__Exercise aim__: Repeat the data that follows in full. Do not include the pictures.

__Data below__:
*** Block opens ***
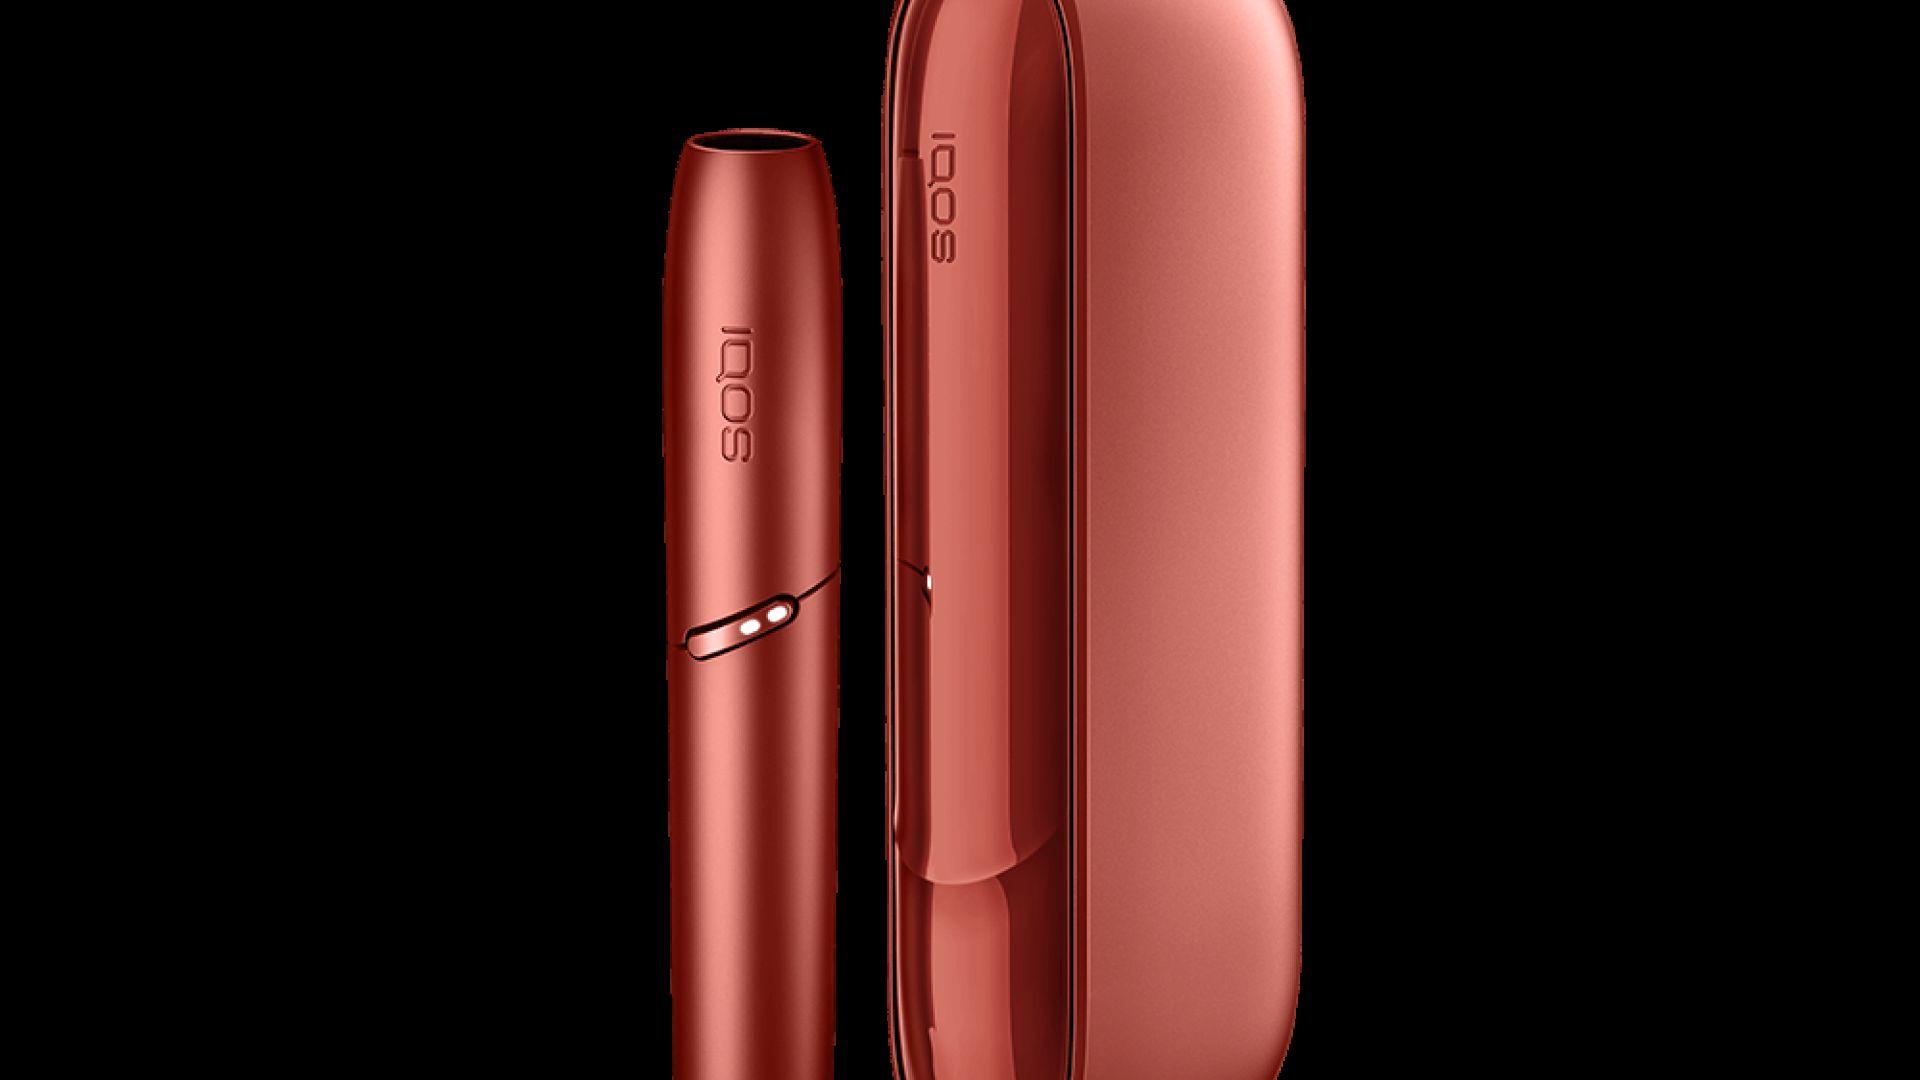 Филип Морис Интернешънъл представя нов модел устройство за нагряване на тютюн на световния пазар - IQOS 3 DUO
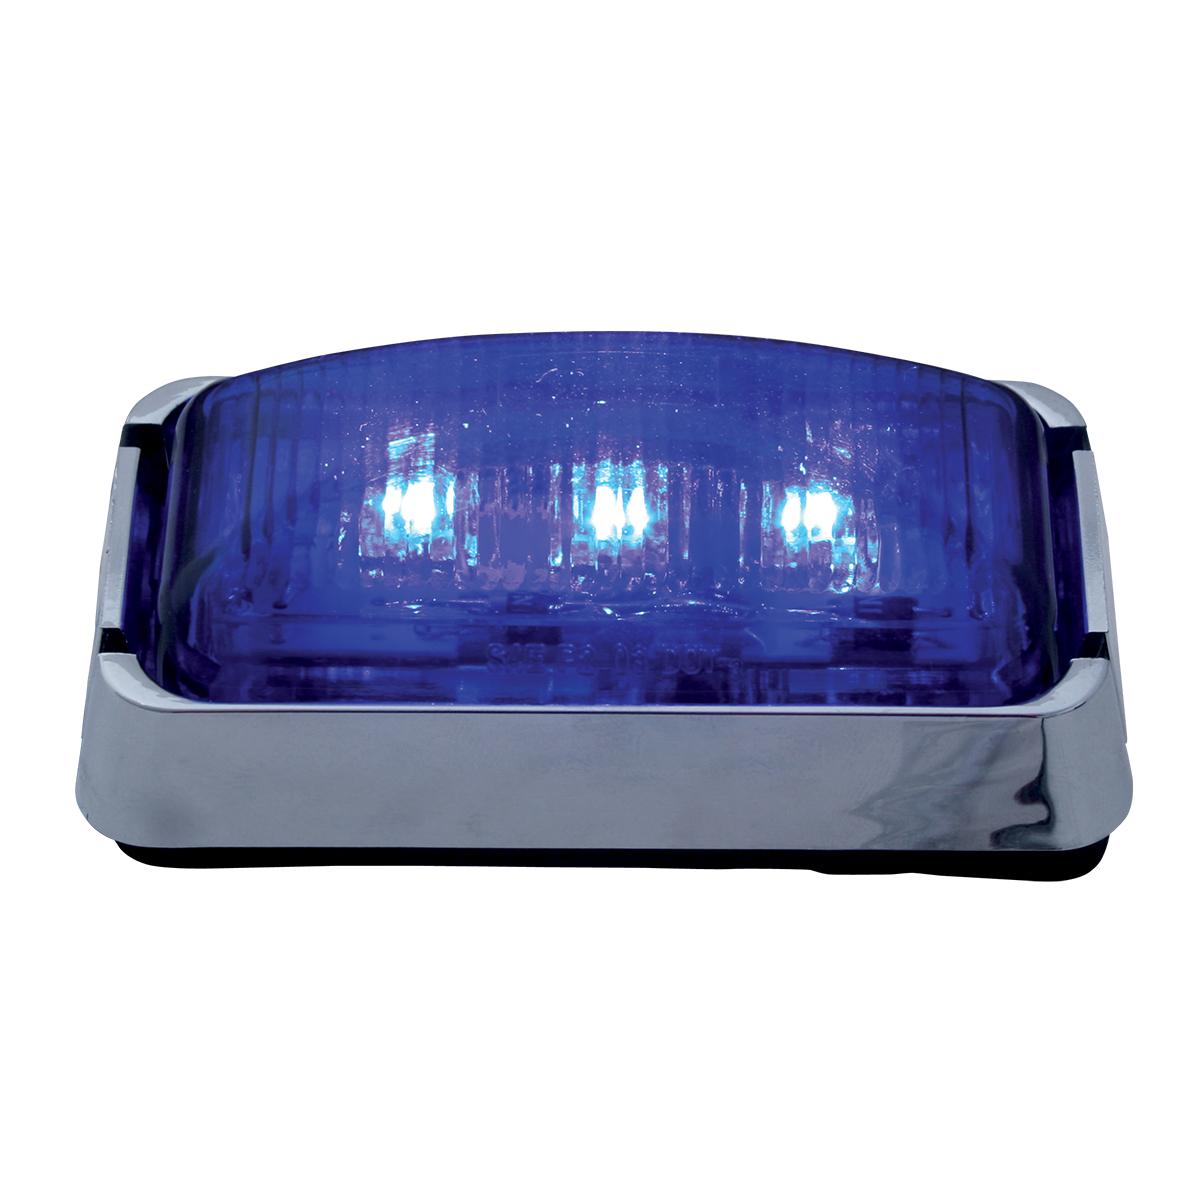 87637 Small Rectangular LED Marker Light with Chrome Bracket
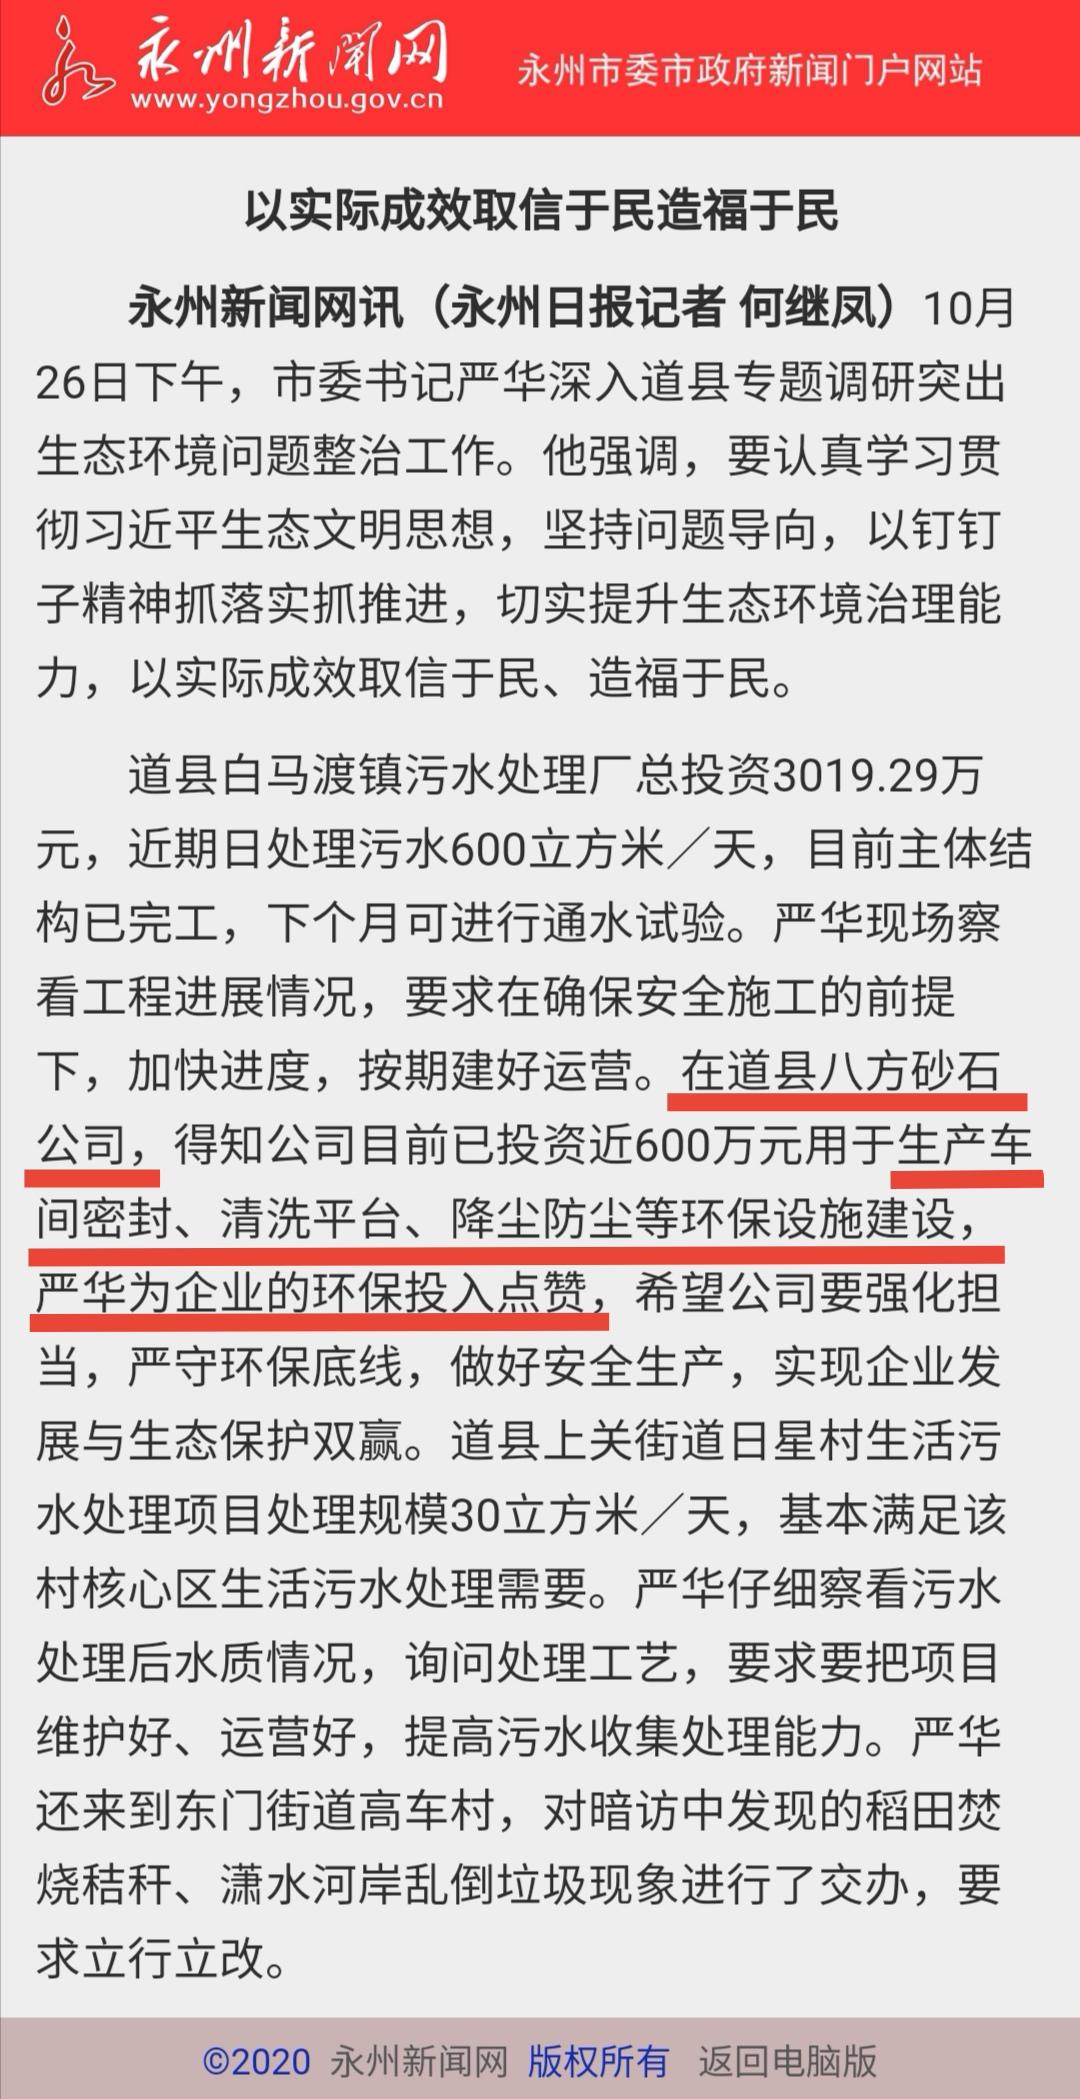 厉害了!环保举措被市委书记点赞,永州这家企业为啥这么牛?
*** Block closes ***
__Finished task__:
 Филип Морис Интернешънъл представя нов модел устройство за нагряване на тютюн на световния пазар - IQOS 3 DUO
 87637 Small Rectangular LED Marker Light with Chrome Bracket
 厉害了!环保举措被市委书记点赞,永州这家企业为啥这么牛?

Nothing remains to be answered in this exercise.